1) the ability to follow human instructions,

2) access to various technologies (referred to as “workers”)

3) planning capabilities.

Although Generative AI wasn’t initially designed with these skills in mind, research is emerging in the realm to encompass these abilities. The following sections elaborate on the ongoing work in these areas.

Equipping Generative AI with Planning and Problem-Solving Abilities

Generative AI, which deals with human-like text, is getting better at thinking and problem-solving through “in-context learning.” This involves giving the AI some information (prompts and responses) before a creative task.

For instance, a technique called “Chain-of-Thought Prompting,” developed by Google trains AI by providing prompts and responses in a sequence. This helps the AI think logically and make effective plans to solve problems.

For more complex problems with multiple solutions, “Tree-of-Thought (ToT) Prompting” is developed by researchers from Princeton University and Google’s DeepMind. The ToT organizes prompts in a decision tree fashion, allowing AI to explore different approaches and come up with creative solutions.

Microsoft’s “Algorithm of Thoughts (AoT)” takes it a step further, enabling AI to reason and solve math problems like humans. AoT is efficient, streamlining the thinking process within a single context, unlike other methods that require numerous queries.

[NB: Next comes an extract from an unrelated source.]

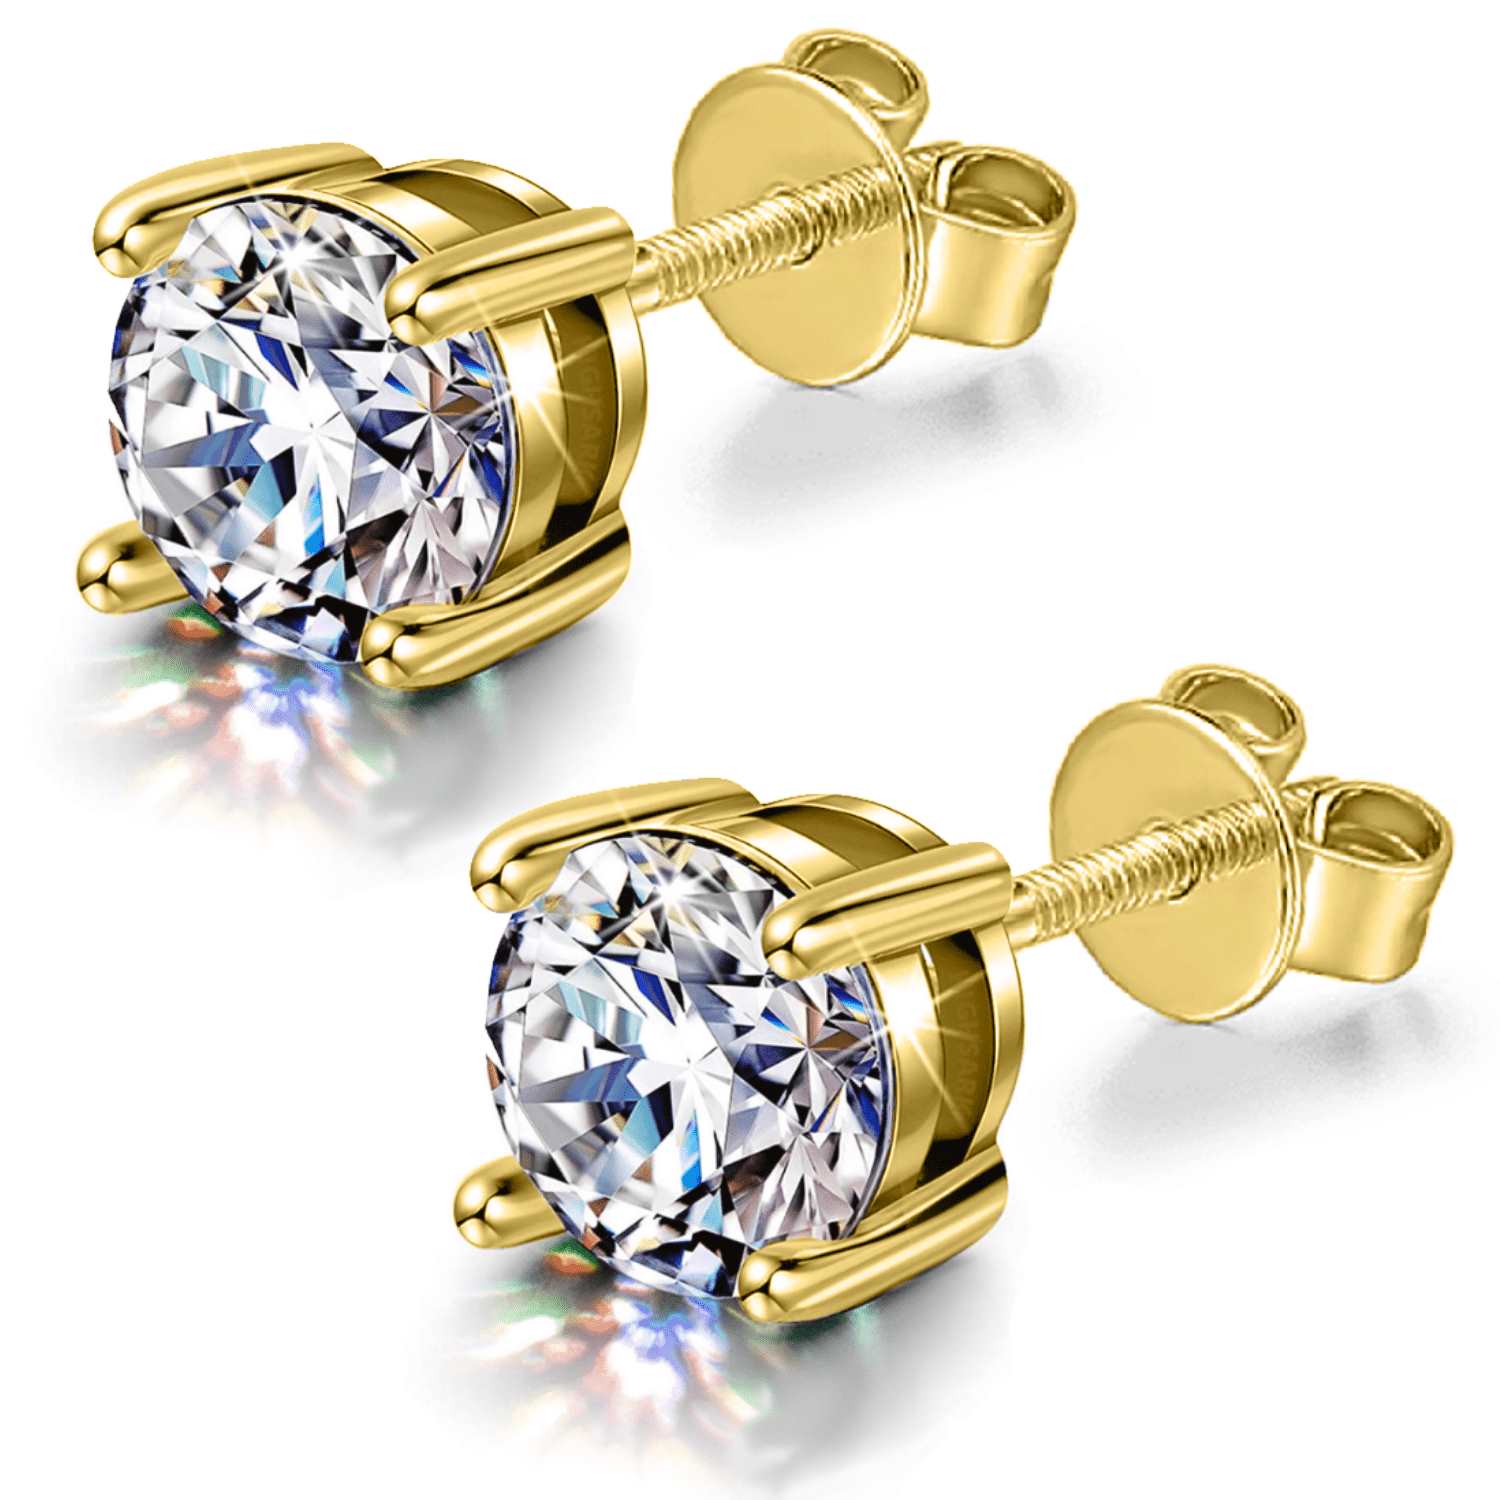 Gold Solitaire Earrings Screwback in 92.5 Silver embellished with Swarovski Zirconia - 92.5 Silver in 18K Gold Finish

Empowering Generative AI to Utilize External Tools

One exciting frontier in Generative AI is enabling these AI systems to use external tools. Researchers from Meta have taken a significant step in this direction by introducing “Toolformer,” a language model. This model is designed to independently use external tools like search engines and calculators, all without requiring extensive human guidance.

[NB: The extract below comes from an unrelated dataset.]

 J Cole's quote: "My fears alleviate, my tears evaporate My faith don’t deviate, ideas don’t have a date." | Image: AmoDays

Furthermore, a collaborative effort between researchers from UC Berkeley and Microsoft Research has expanded the capabilities of Large Language Models (LLMs). They’ve created a model called “Gorilla” which builds upon LLaMa, an open-source language model from Meta. Gorilla is fine-tuned to interact with a wide range of tools through API calls, which opens up new possibilities for integrating AI with various software and platforms.

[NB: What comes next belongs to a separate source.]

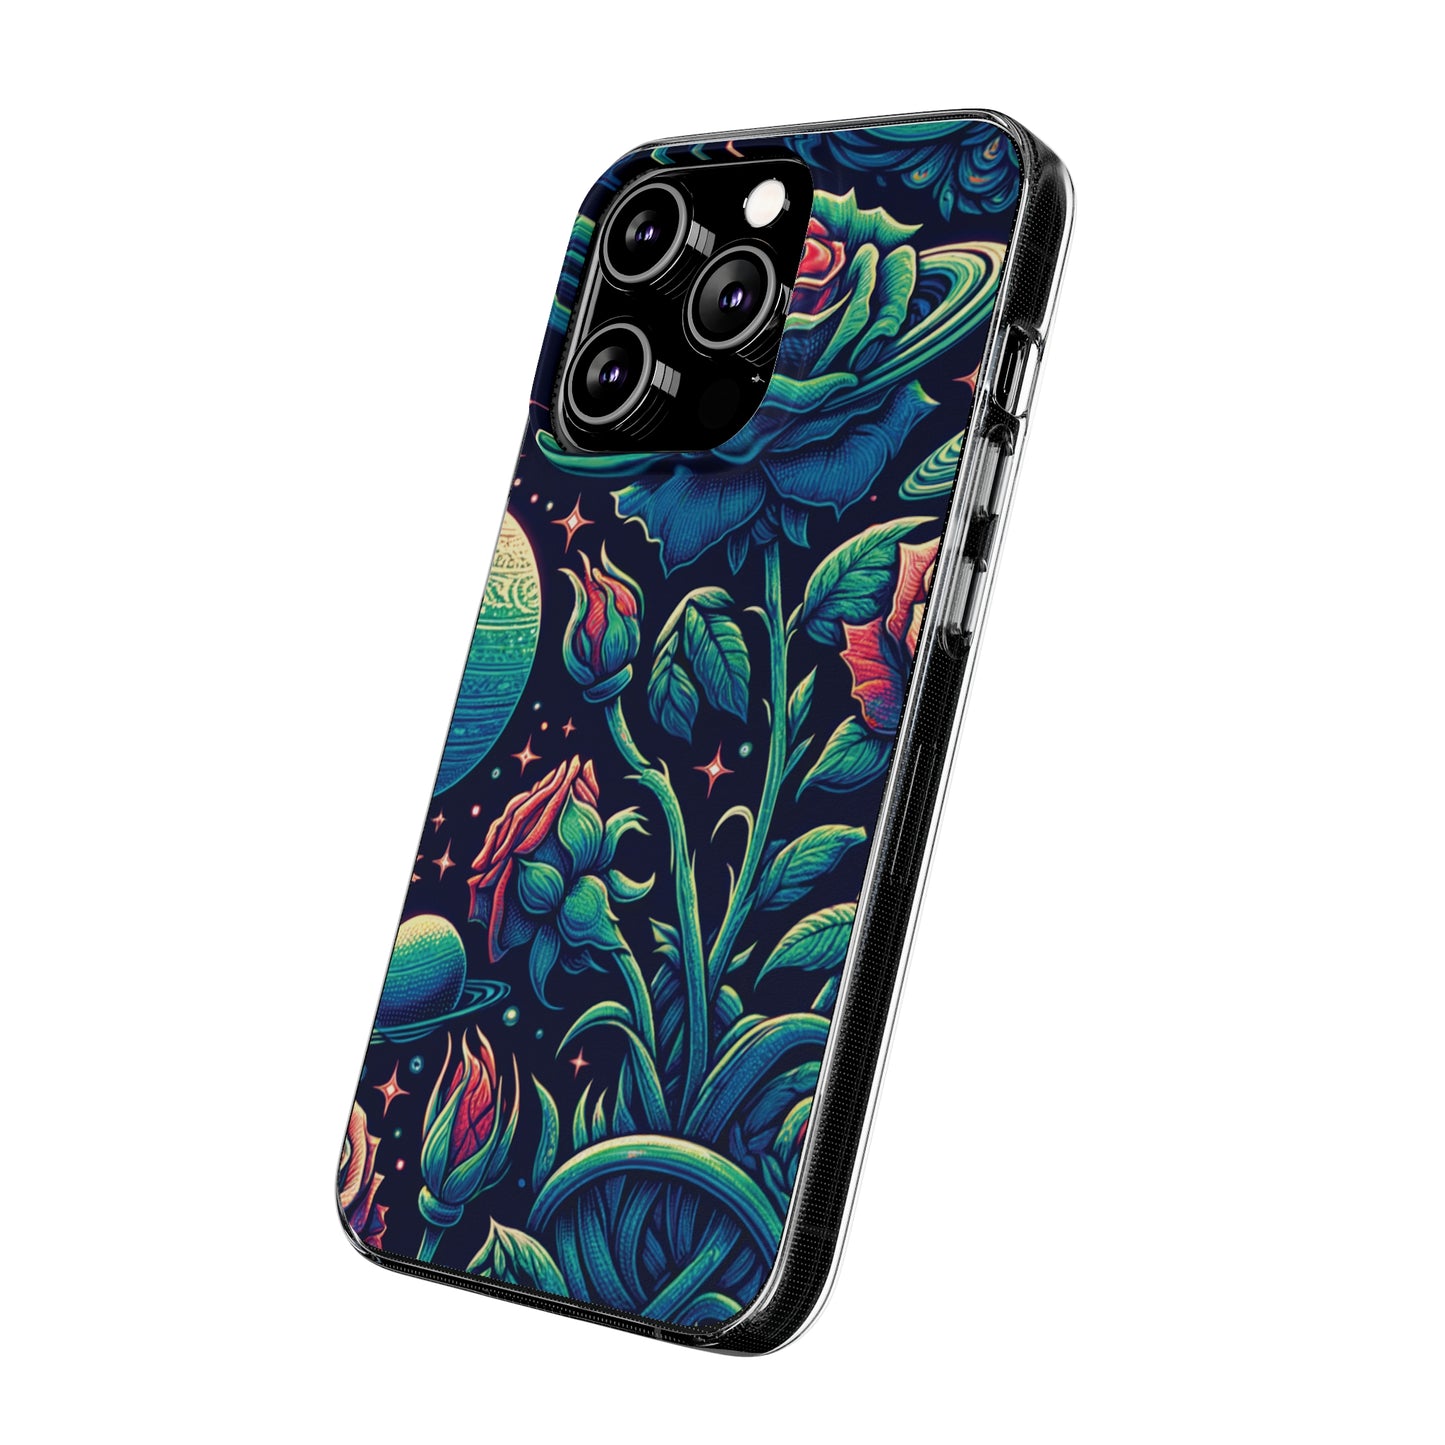 Space roses silicon phone case

This approach is reinforced by the creation of the “APIBench dataset,” which encompasses a diverse collection of API calls from platforms such as HuggingFace, TorchHub, and TensorHub. This development is shaping the future of Generative AI, making it even more versatile and capable of utilizing external resources.

Empowering Generative AI to Follow Instructions

Generative AI language models are not primarily designed to follow instructions. Their initial training revolves around predicting the next word in the text, which is quite different from the goal of having them follow user instructions. However, the field of Generative AI is rapidly advancing in this direction.

One effective method gaining traction is “reinforcement learning from human feedback (RLHF)” where a pretrained language model is guided to follow human instructions based on human feedback. An example of this approach is “InstructGPT,” a fine-tuned GPT model designed explicitly to follow human instructions.

Another noteworthy development is the study on “In-Context Instruction Learning,” which employs in-context learning techniques to enhance language models’ ability to follow instructions. Although this study primarily focuses on specific tasks, it demonstrates how instruction-based training can significantly improve the alignment between human intention and AI behavior.

The Bottom Line

The journey from Generative AI to Interactive AI is marked by significant advancements in equipping AI systems with the ability to plan, problem-solve, utilize external tools, and follow instructions.

As we continue to break down the language barriers between different technologies and domains, Interactive AI is poised to revolutionize how we interact with and leverage AI-driven systems.

The interdisciplinary efforts of researchers and technologists are driving us closer to a future where AI can seamlessly orchestrate complex tasks, becoming more than just interpreters and evolving into strategic geniuses that empower us in unprecedented ways.